Haoran Xie


2021

pdf
Tree-Structured Topic Modeling with Nonparametric Neural Variational Inference
Ziye Chen | Cheng Ding | Zusheng Zhang | Yanghui Rao | Haoran Xie
Proceedings of the 59th Annual Meeting of the Association for Computational Linguistics and the 11th International Joint Conference on Natural Language Processing (Volume 1: Long Papers)

Topic modeling has been widely used for discovering the latent semantic structure of documents, but most existing methods learn topics with a flat structure. Although probabilistic models can generate topic hierarchies by introducing nonparametric priors like Chinese restaurant process, such methods have data scalability issues. In this study, we develop a tree-structured topic model by leveraging nonparametric neural variational inference. Particularly, the latent components of the stick-breaking process are first learned for each document, then the affiliations of latent components are modeled by the dependency matrices between network layers. Utilizing this network structure, we can efficiently extract a tree-structured topic hierarchy with reasonable structure, low redundancy, and adaptable widths. Experiments on real-world datasets validate the effectiveness of our method.

2020

pdf
Neural Mixed Counting Models for Dispersed Topic Discovery
Jiemin Wu | Yanghui Rao | Zusheng Zhang | Haoran Xie | Qing Li | Fu Lee Wang | Ziye Chen
Proceedings of the 58th Annual Meeting of the Association for Computational Linguistics

Mixed counting models that use the negative binomial distribution as the prior can well model over-dispersed and hierarchically dependent random variables; thus they have attracted much attention in mining dispersed document topics. However, the existing parameter inference method like Monte Carlo sampling is quite time-consuming. In this paper, we propose two efficient neural mixed counting models, i.e., the Negative Binomial-Neural Topic Model (NB-NTM) and the Gamma Negative Binomial-Neural Topic Model (GNB-NTM) for dispersed topic discovery. Neural variational inference algorithms are developed to infer model parameters by using the reparameterization of Gamma distribution and the Gaussian approximation of Poisson distribution. Experiments on real-world datasets indicate that our models outperform state-of-the-art baseline models in terms of perplexity and topic coherence. The results also validate that both NB-NTM and GNB-NTM can produce explainable intermediate variables by generating dispersed proportions of document topics.

2018

pdf
Siamese Network-Based Supervised Topic Modeling
Minghui Huang | Yanghui Rao | Yuwei Liu | Haoran Xie | Fu Lee Wang
Proceedings of the 2018 Conference on Empirical Methods in Natural Language Processing

Label-specific topics can be widely used for supporting personality psychology, aspect-level sentiment analysis, and cross-domain sentiment classification. To generate label-specific topics, several supervised topic models which adopt likelihood-driven objective functions have been proposed. However, it is hard for them to get a precise estimation on both topic discovery and supervised learning. In this study, we propose a supervised topic model based on the Siamese network, which can trade off label-specific word distributions with document-specific label distributions in a uniform framework. Experiments on real-world datasets validate that our model performs competitive in topic discovery quantitatively and qualitatively. Furthermore, the proposed model can effectively predict categorical or real-valued labels for new documents by generating word embeddings from a label-specific topical space.

2017

pdf
A Network Framework for Noisy Label Aggregation in Social Media
Xueying Zhan | Yaowei Wang | Yanghui Rao | Haoran Xie | Qing Li | Fu Lee Wang | Tak-Lam Wong
Proceedings of the 55th Annual Meeting of the Association for Computational Linguistics (Volume 2: Short Papers)

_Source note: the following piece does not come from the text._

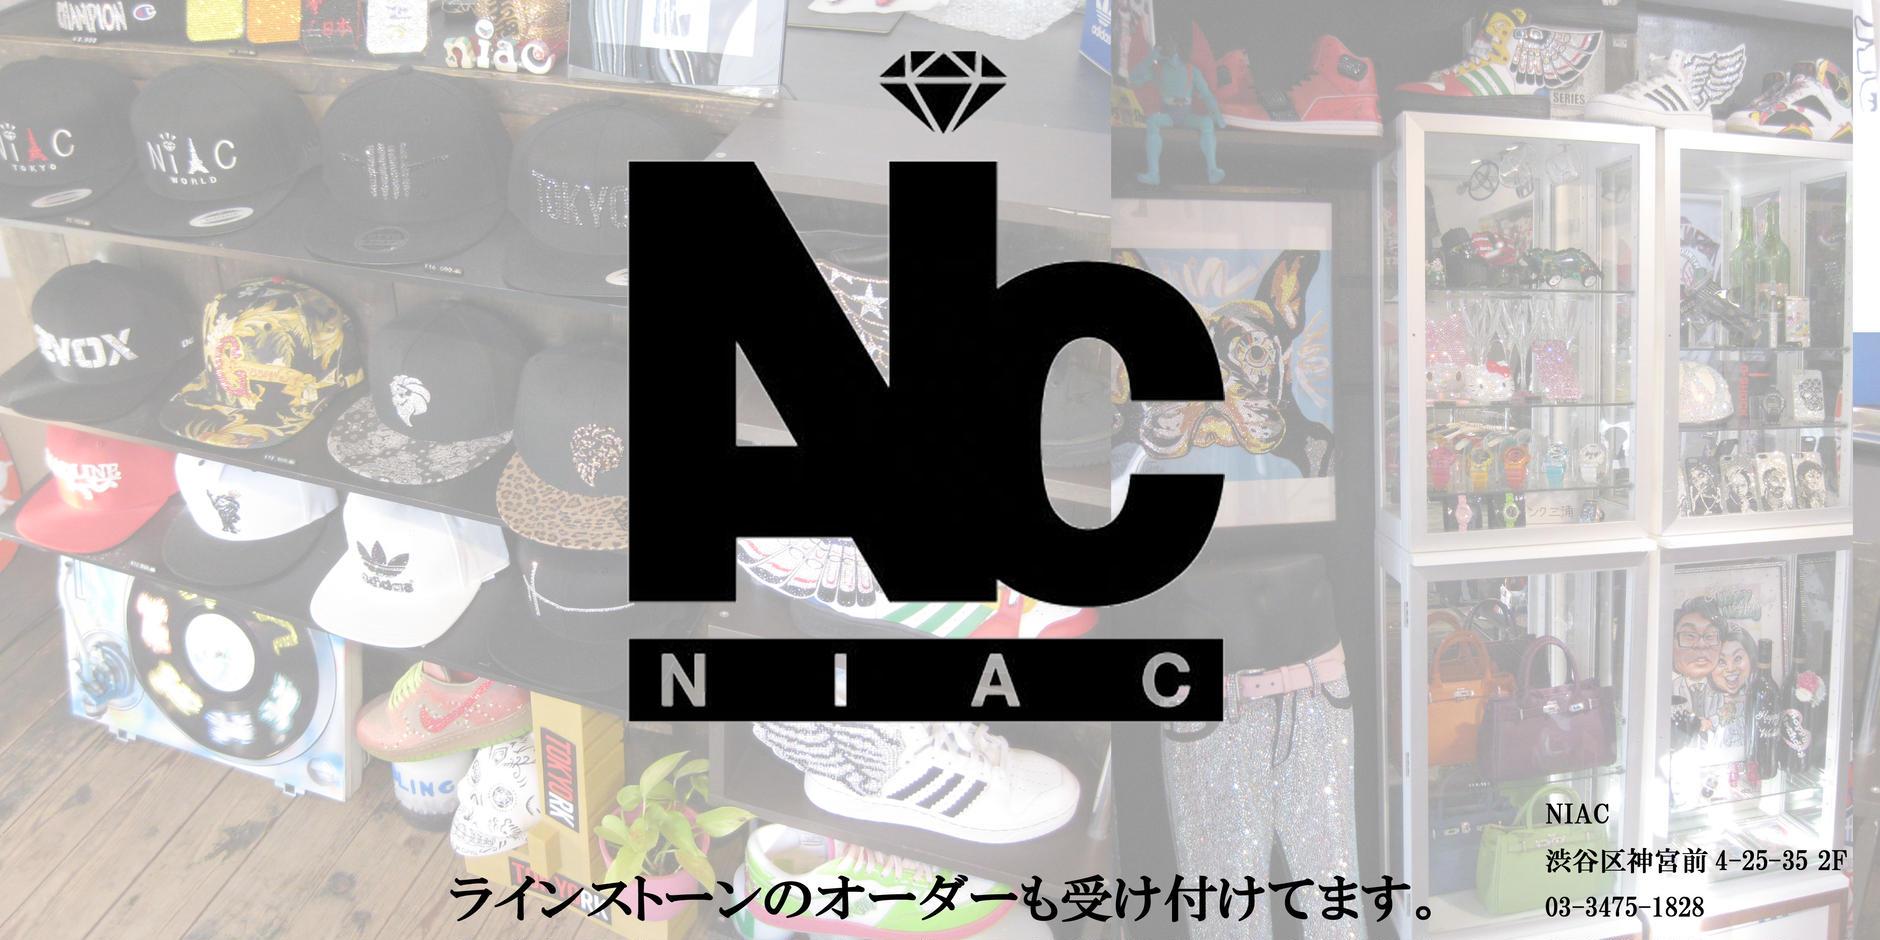 ラインストーンカスタムshop NIAC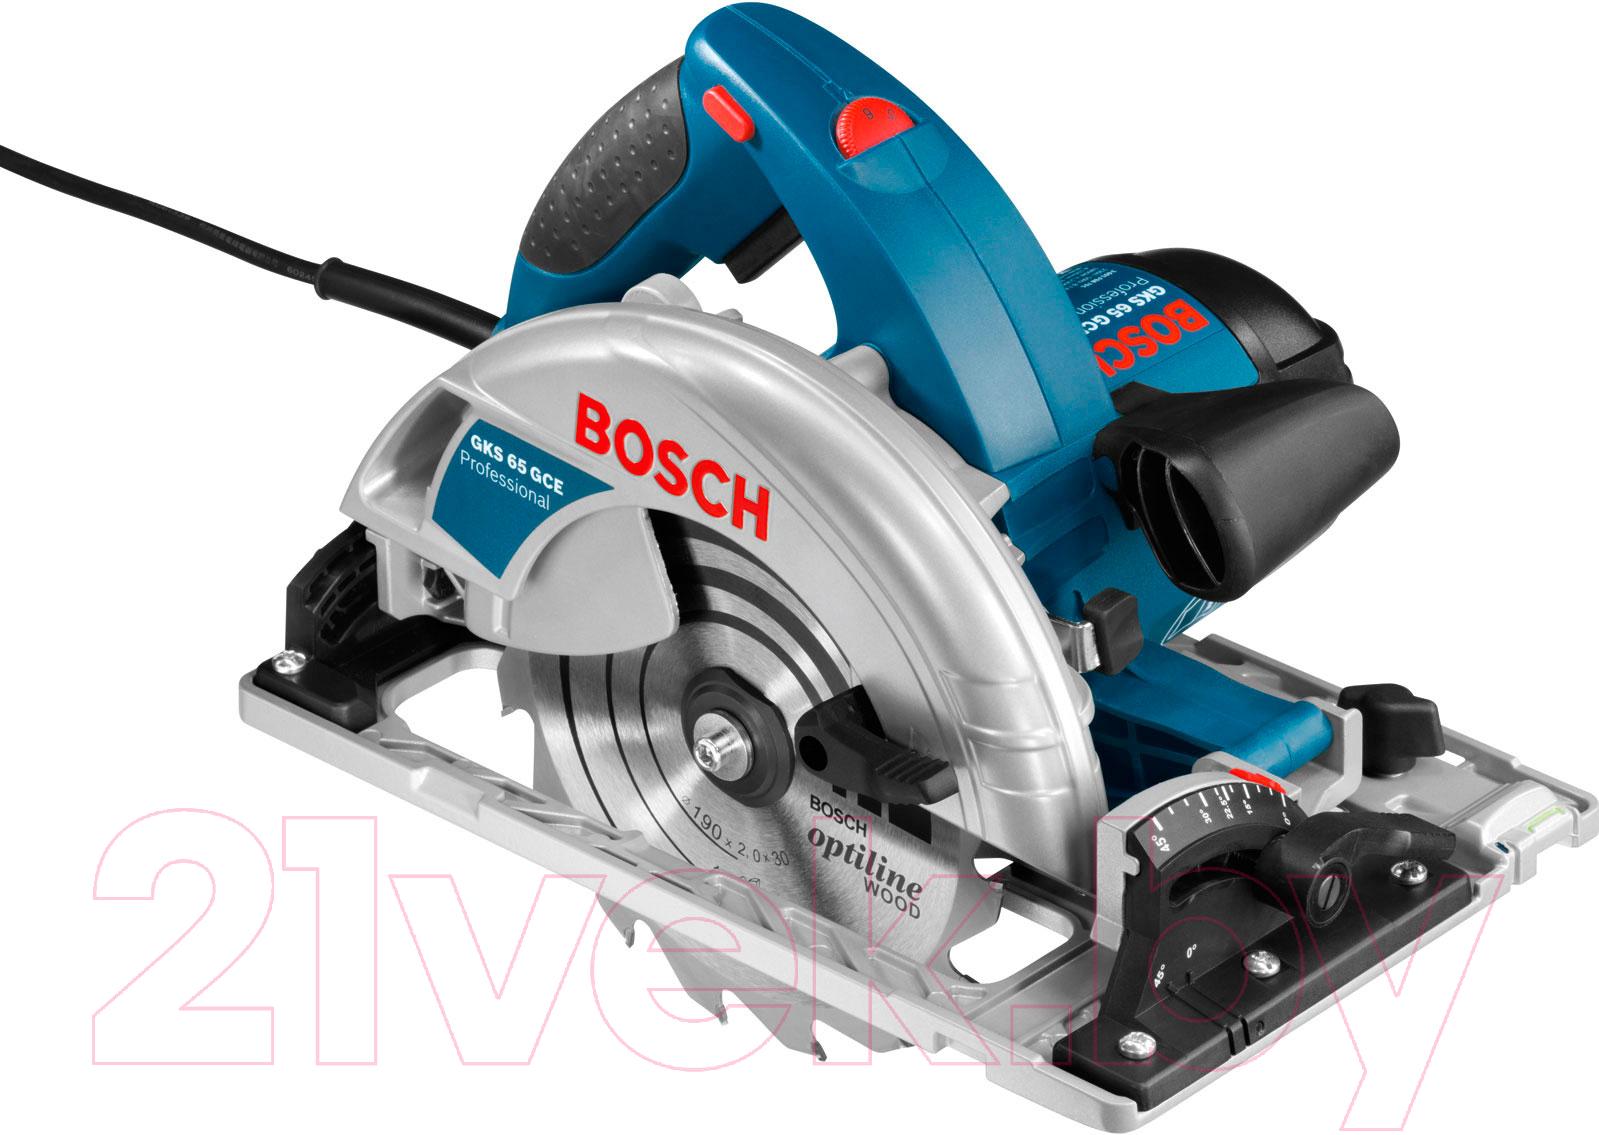 Купить Профессиональная дисковая пила Bosch, GKS 65 GCE Professional (0.601.668.901), Китай

This paper focuses on the task of noisy label aggregation in social media, where users with different social or culture backgrounds may annotate invalid or malicious tags for documents. To aggregate noisy labels at a small cost, a network framework is proposed by calculating the matching degree of a document’s topics and the annotators’ meta-data. Unlike using the back-propagation algorithm, a probabilistic inference approach is adopted to estimate network parameters. Finally, a new simulation method is designed for validating the effectiveness of the proposed framework in aggregating noisy labels.